My thread about a robot takeover turned out great, so I’ve got another sci-fi scenario for you, albeit a more fanciful one.
Not a lot of people watched the show Stargate: Universe, but those who did saw an intriguing scenario play out. Essentially, a group of people found themselves stranded on a planet much like Earth, but which had no intelligent life. They were not expecting to be stranded, and did not have much else with them except the clothes on their backs. Plus, of course, the knowledge in their heads: and several of them were scientists and engineers.
In a sort of montage sequence, the show portrayed vignettes of them and their descendants over the years (they had also been stranded two thousand years in the past, in addition to being on a different planet). After they had been there a few years, they were shown in rough-hewn log cabins with some basic iron tools. A couple decades after that, it was more like 19th century buildings and implements. And after a couple thousand years, they had technology beyond that of Earth today.
(More recently, on the show Terra Nova, a group of colonists found themselves in a dinosaur era, cut off from the year 2149 that they had come from. In their case, they already had brought back quite a bit of technology, but they would not be able to make any more. However, the level they already have probably means they can handwave explanations of being able to do small scale high-tech manufacturing, so the scenario is less interesting.)
The thought experiment I’m interested in exploring is: if a group of a few dozen people found themselves in a place that was like, say, Northern California but without human habitants, what steps would you take to work your way back up the technological ladder? On the one hand, you have the advantage (especially if you have knowledgeable people) of not having to do trial and error and knowing what is achievable. That’s a great advantage. On the other hand, most engineers and scientists probably never have to confront the problem of not having the tools and infrastructure they take for granted.
So let’s say before you left you knew what you’d be facing. And let’s also say you don’t get to take anything with you, not even clothes. Just what you can carry in your brain. What type of group do you put together? You would need at least a few tough guys as workers/soldiers, right? And that guy from the British show Connections might help with how to work the intermediary steps to develop technology.
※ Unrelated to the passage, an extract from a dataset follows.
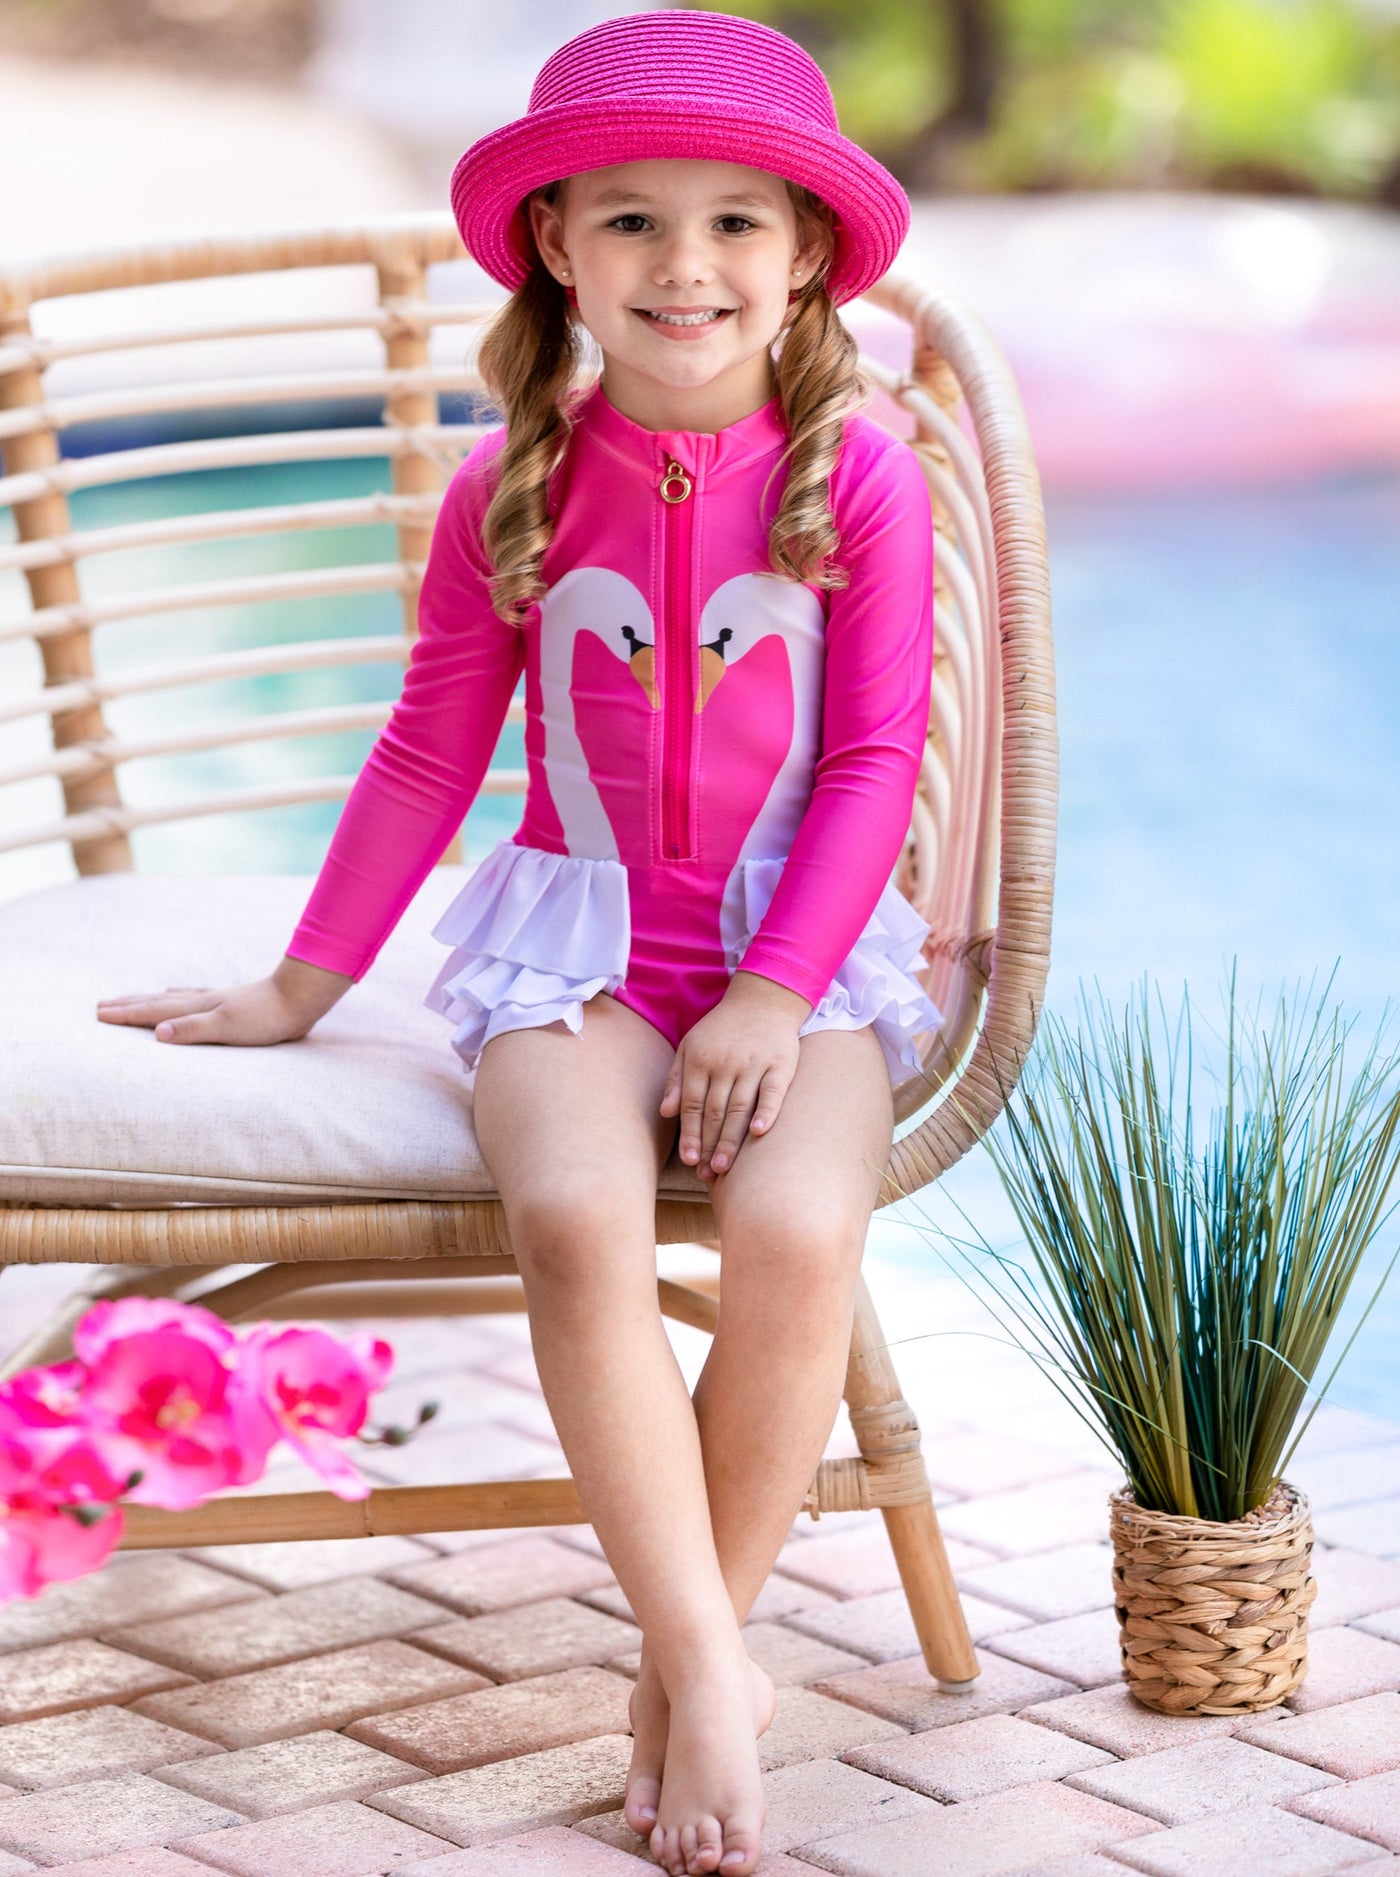 Kids Rash Guard Swimsuit | Pink Swan Long Sleeve Rash Guard Swimsuit

But so I’m thinking that aside from basic shelter and hunting/gathering tools, one of the early things you’d want to try to develop would be a way to write down the stuff people have been carrying in their brains. Then what? I’m at a loss to think of how you even begin to work your way toward making more than rudimentary wood and rock tools. We going to need a lot of archaeologists? The task of working from nothing back to the high tech society of today seems so daunting even with all that knowledge. Is it perhaps true that there’s only so much you can speed it up? What’s the over/under on making it back to iPhone level? I’m going to say at least 500 years–is that too pessimistic?